“Only when we go into ourselves and attempt to be entirely true to ourselves will we succeed in making things of value, living things, and in this way help to develop a new style that is fitting for us.”
— Sophie Taeuber-Arp

The Swiss artist Sophie Taeuber-Arp (1889–1943) will always be linked to her husband, Jean Arp (born Hans Peter Wilhelm Arp), whose sculptures and paintings have overshadowed her own immense range of work for decades. In intro art history texts, it’s Jean you’ll read about for pages, whereas Sophie may get a greyed-out box that features one of her works from the 1930s, like “Composition”

But Sophie was a vivacious, immensely talented woman whose skill and curiosity commanded media from puppets to magazines, dance to textiles, painting to interior design. Her work contains colors, arrangements, and textures that are mesmerizing to see in-person, and she adds to the possibilities of abstraction a more equalitarian vision.
At MoMA “Living Abstraction” exhibition [now through March 12, 2022)], we clearly see Sophie’s love of materials, her hope of blending form with function, and her love of humanity — in all its folly and arrogance. Co-curator Anne Umland says: “Taeuber-Arp’s primary insight as an artists is that that that grid, that simple organizing structure, could become the basis for a new language of abstraction.” Viewing this exhibit today expanded my ideas of abstraction and its connection to justice and beauty.
“Living Abstraction” starts with “Vertical-Horizontal Composition with Reciprocal Triangles” (1918). This gouache collage with pencil on paper shows an intriguing playfulness with weight; Sophie balances pyramidical figures atop of the pointed tips of what could be a factory or church. (Some abstractionists will exhort you to abandon any figural interpretations, but Sophie seems pretty chill; if you want to point to an element and dub it a figure – she’s down. She even prefaced some early abstractions as “Towards figuration”). The dark lucent blue in the top-right flickers, thanks to the gouache, which is watercolor mixed with more gooey substances so that the pigment absorbs more light, meaning some layers are darker, some lighter; the interplay in this little corner is fascinating to watch.

Sophie applies wool or cotton to a canvas. She makes beaded purses and snuffbox sculpture for her siblings. Openness, humanity, and creation – these are Sophie’s values — art objects made with little (if any) considerations to capitalistic demands or genre as defined by a syllabus.
“She didn’t see the barriers between different mediums,” Amah-Rose Abrams writes. “It’s her flexibility that I feel is very radical.”
You see this in “Cushion Panel” (1916), made from wool:

Zoom up to bottom-right to see alternating vertical and horizontal weaves. I love this pattern within a pattern. It produces a dynamism to this simple pillow cover. It’s also emblematic of Sophie’s constant search for the vitality beneath surfaces.

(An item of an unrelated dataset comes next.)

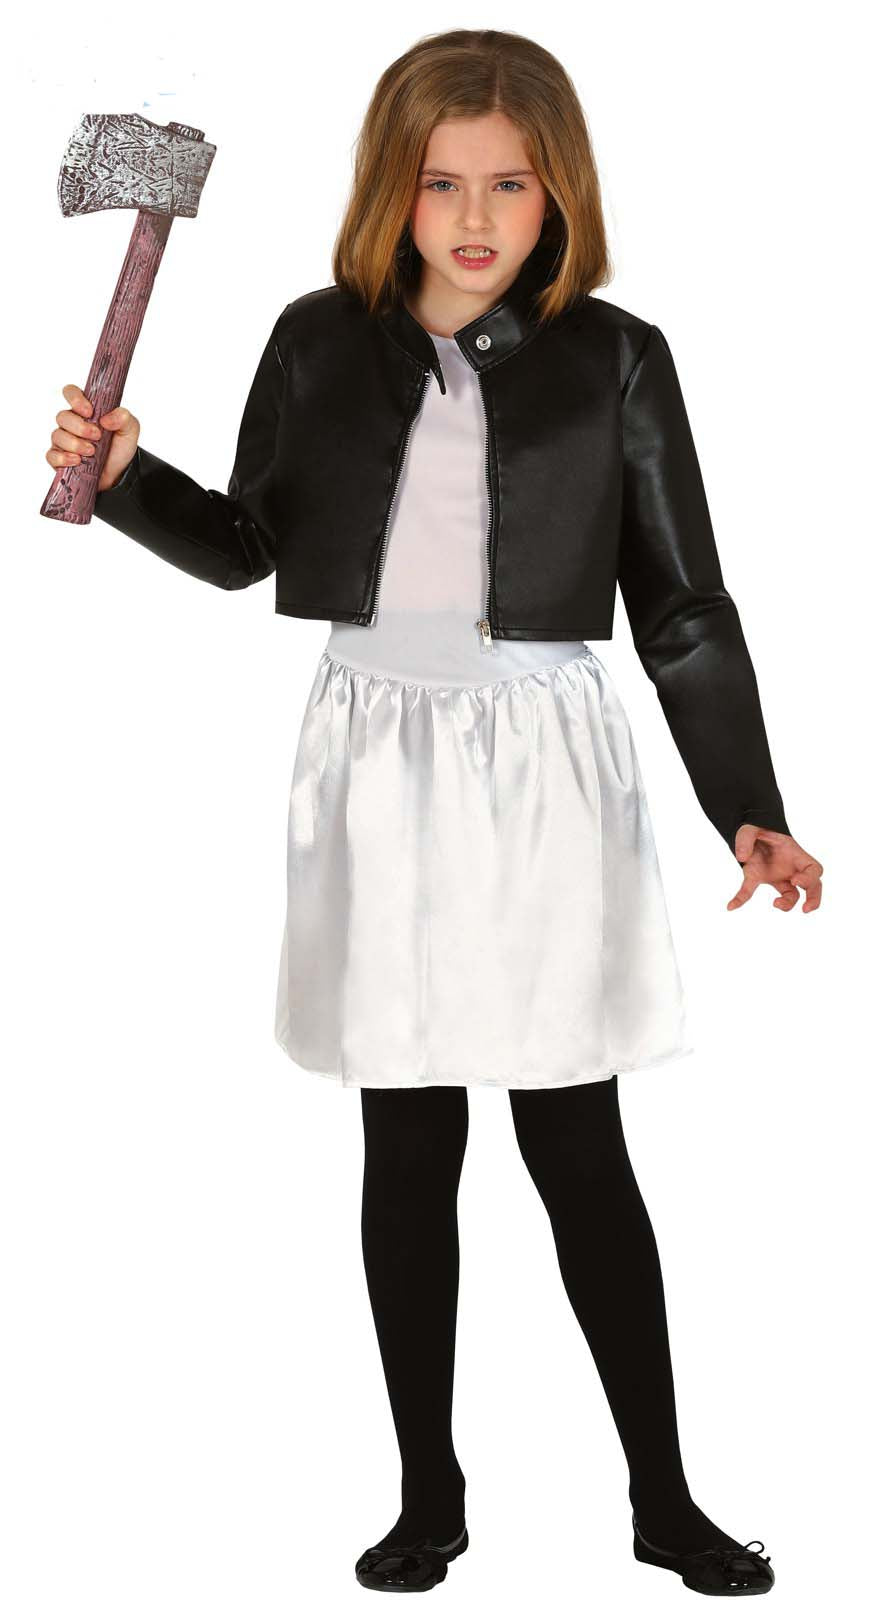 Killer Doll Tiffany Costume Girl like Chucky's Bride

You can see this search for the nature of substances in “Free Rhythms” (1919), another work on gouache, pencil on thick paper. Each block of color has a curious pulsation because of the gouache, and hangs like a flag or a garment on a laundry line (free association from this darling of Dada is welcome). You can also imagine this as a plane on the ole space-time continuum. What’s underneath?

What does Sophie add to the language of abstraction? Perhaps a more benign relation between elements. There are no non-negotiable vanishing points in her work, no areas where one must look. Her palate is faded and playful, not monochromatic or domineering.
These early forms reminded me of Elaine Scarry’s thoughts on the democratizing power of beauty. In On Beauty and Being Just (1999), Scarry proposes that the forms of beauty – whether an individual, the sky, a flower, or “art” – emotionally prepare one for a system of justice tending toward fairness and equality:
“Beautiful things give rise to the notion of distribution, to a lifesaving reciprocity, to fairness not just in the sense of loveliness of aspect but in the sense of ‘a symmetry of everyone’s relation to one another.’”
— Scarry, 95, also quoting John Rawls’ definition of fairness)
This is the vision that Sophie shares. She wants art to imbue our days not as a gift shop frenzy but as a key pattern of thought that welcomes vitality and meaning. She wants her work and those who behold it to become “living things.” In 1927, Sophie wrote:
“The desire to enrich and beautify things cannot be interpreted materialistically, that is, in the sense of increasing their value as possessions; rather, it stems from the instinct for perfection and the creative act.”
— Sophie Taeuber-Arp, “Guidelines for Drawing Instruction in the Textile Professions”
The first wall of the show has a beautifully-written description of Sophie’s life. I wrote down one quote quickly in my notebook (please note I dropped the u in her last name 😉

& if you have no patience to decipher my handwriting:
“Only when we go into ourselves and attempt to be entirely true to ourselves will we succeed in making things of value, living things, and in this way help to develop a new style that is fitting for us.”
— Sophie Taeuber-Arp
🙂
Swing by MoMA before March 12, 2022 to enjoy “Living Abstraction.”